Further to the Company's news releases dated December 2, 2019 and January 15, 2020, in continuing to provide working capital to complete the previously announced acquisition of Playgon Interactive Inc., the Company has increased a working capital loan from arm's length parties to $500,000. The loan is at twelve percent (12%) interest per annum, due on demand and unsecured. The Company intends to repay the loan from the proceeds of the Financing.

About Global Daily Fantasy Sports Inc.

Global Daily Fantasy Sports Inc. (TSXV: DFS) (FSE: 7CR) is providing a multi-tenant gateway that allows operators to offer their customers a world class Daily Fantasy Sports software solution. The platform allows for seamless integration at the operator level without having to share or compromise any sensitive customer data. Joining the Company's network allows operators to capitalize on a mature infrastructure, with shared liquidity that was built specifically for regulated market environments. As a true B2B global network, the Company offers a SaaS product that is an ideal turn-key solution for sportsbook operators, land-based operators, media groups, and big database companies to participate in the daily fantasy sports industry.

For further information, please visit the Company's website at

Global Daily Fantasy Sports Inc.

Per: "Darcy Krogh"
Darcy Krogh, President and CEO

For further information, contact:
Mike Marrandino, Director
Tel: (604) 722-5225

Neither TSX Venture Exchange nor its Regulation Services Provider (as that term is defined in the policies of the TSX Venture Exchange) accepts responsibility for the adequacy or accuracy of this release.

Certain statements contained in this press release may constitute forward-looking statements under Canadian securities legislation. Generally, forward-looking information can be identified by the use of forward-looking terminology such as "expects" or "it is expected", or variations of such words and phrases or statements that certain actions, events or results "will" occur. Forward-looking statements in this press release include, but are not restricted to, statements regarding the completion of the acquisition of Playgon Interactive Inc. (the "Transaction") and the Financing, receipt of regulatory shareholder approvals required for completion the Transaction, receipt of regulatory approvals required for completion of the Financing, and the anticipated filing date for its annual and interim disclosure documents.

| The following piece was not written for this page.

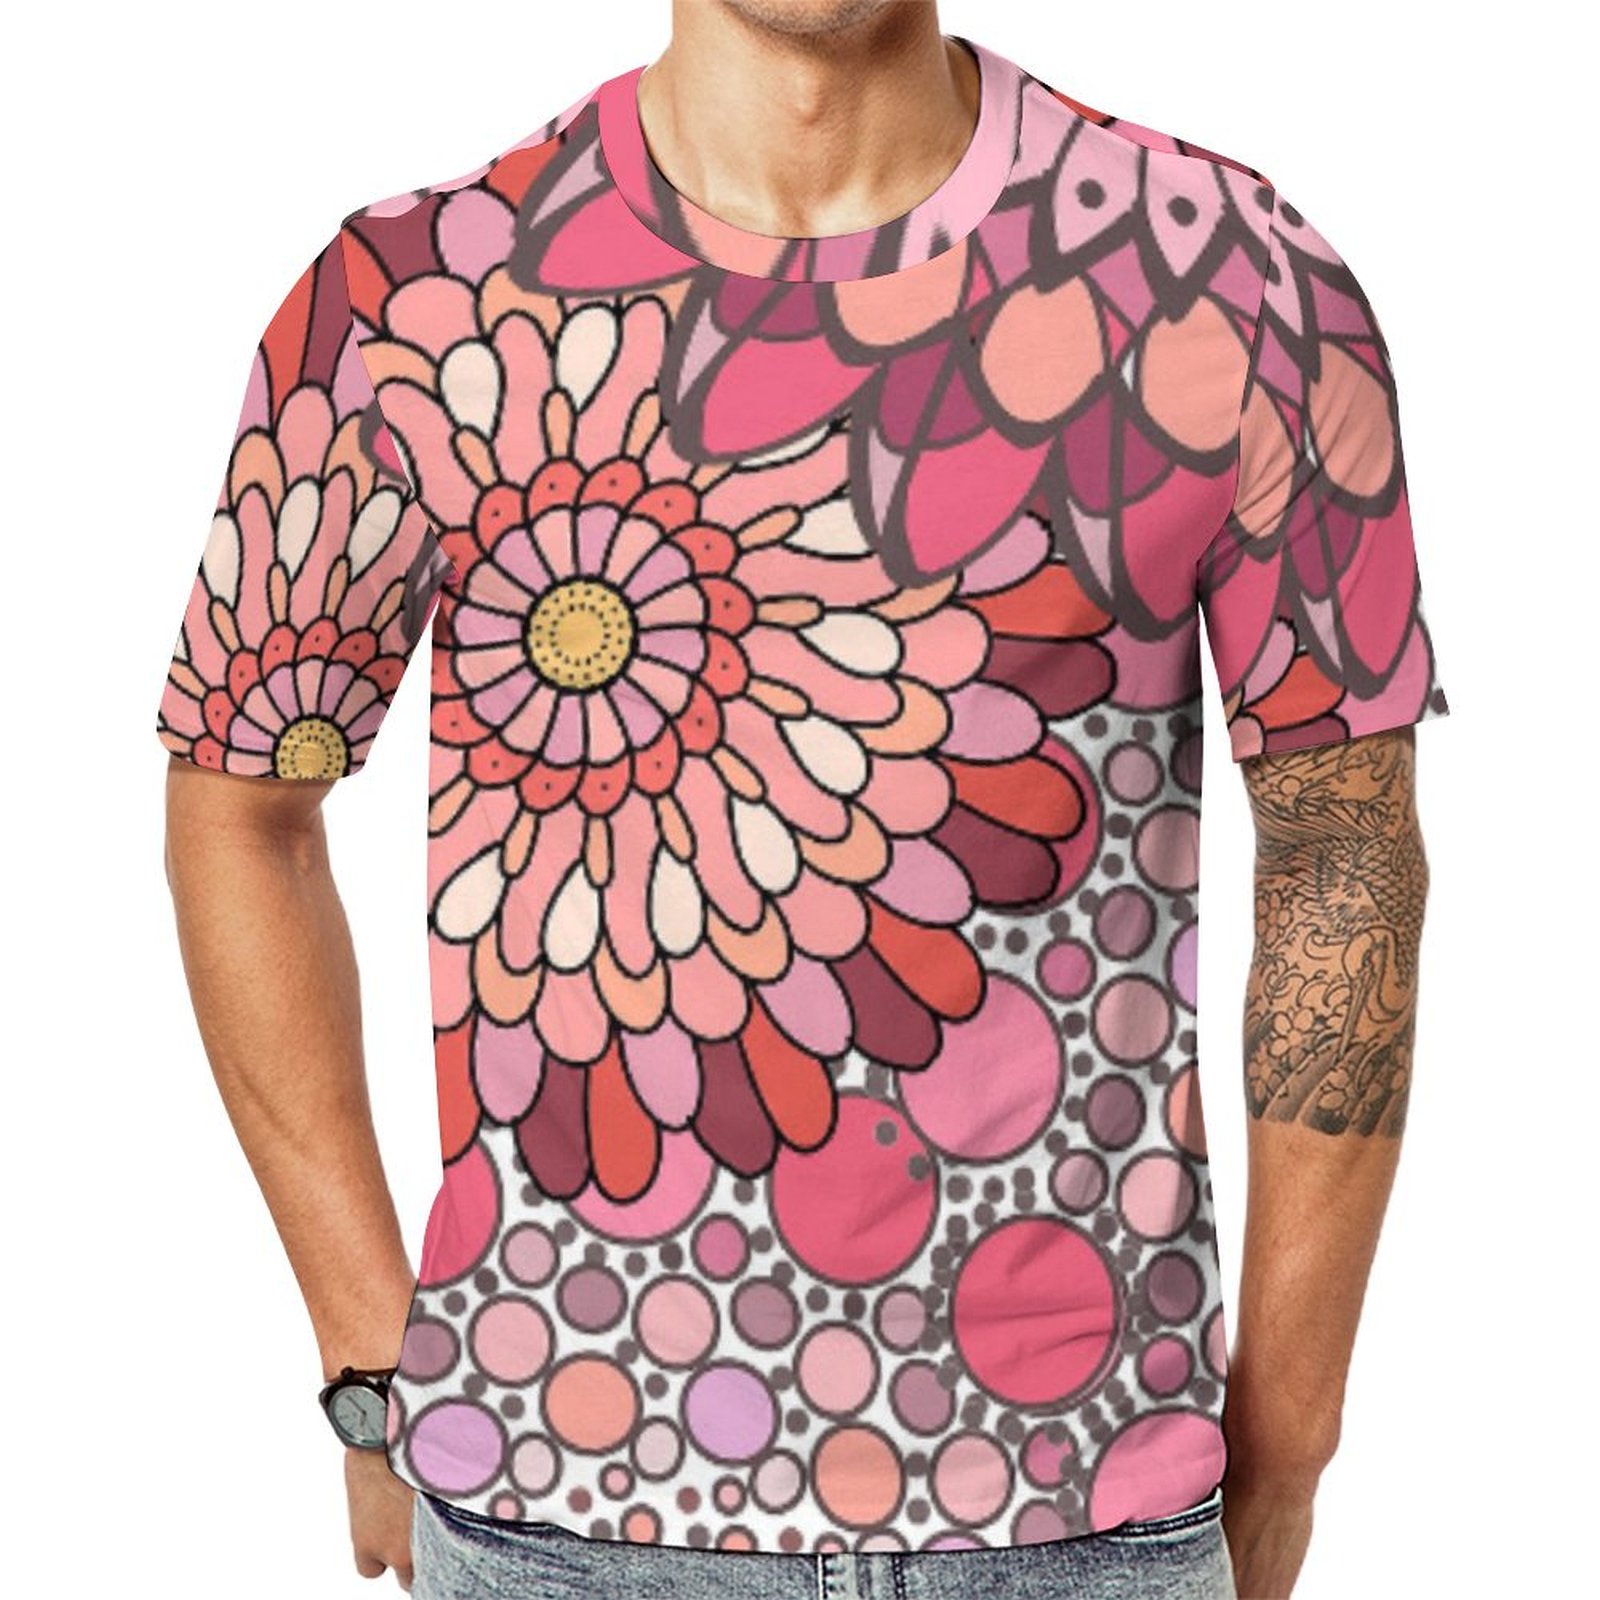 Girly Modern Pink White Geometric Floral Short Sleeve Print Unisex Tshirt Summer Casual Tees for Men and Women Coolcoshirts

These forward-looking statements are subject to a number of risks and uncertainties. Actual results may differ materially from results contemplated by the forward-looking statements. Factors that could cause actual results to differ materially from those in forward-looking statements include that the Transaction does not complete, the Company fails to satisfy the escrow release conditions prior to the release deadline in connection with the Financing, the Company does not receive regulatory acceptance to the Financing, and the Company does not file its annual and interim disclosure documents by the anticipated date. Accordingly, the actual events may differ materially from those projected in the forward-looking statements. When relying on forward-looking statements to make decisions, investors and others should carefully consider the foregoing factors and other uncertainties and should not place undue reliance on such forward-looking statements. The Company does not undertake to update any forward-looking statements, except as may be required by applicable securities laws.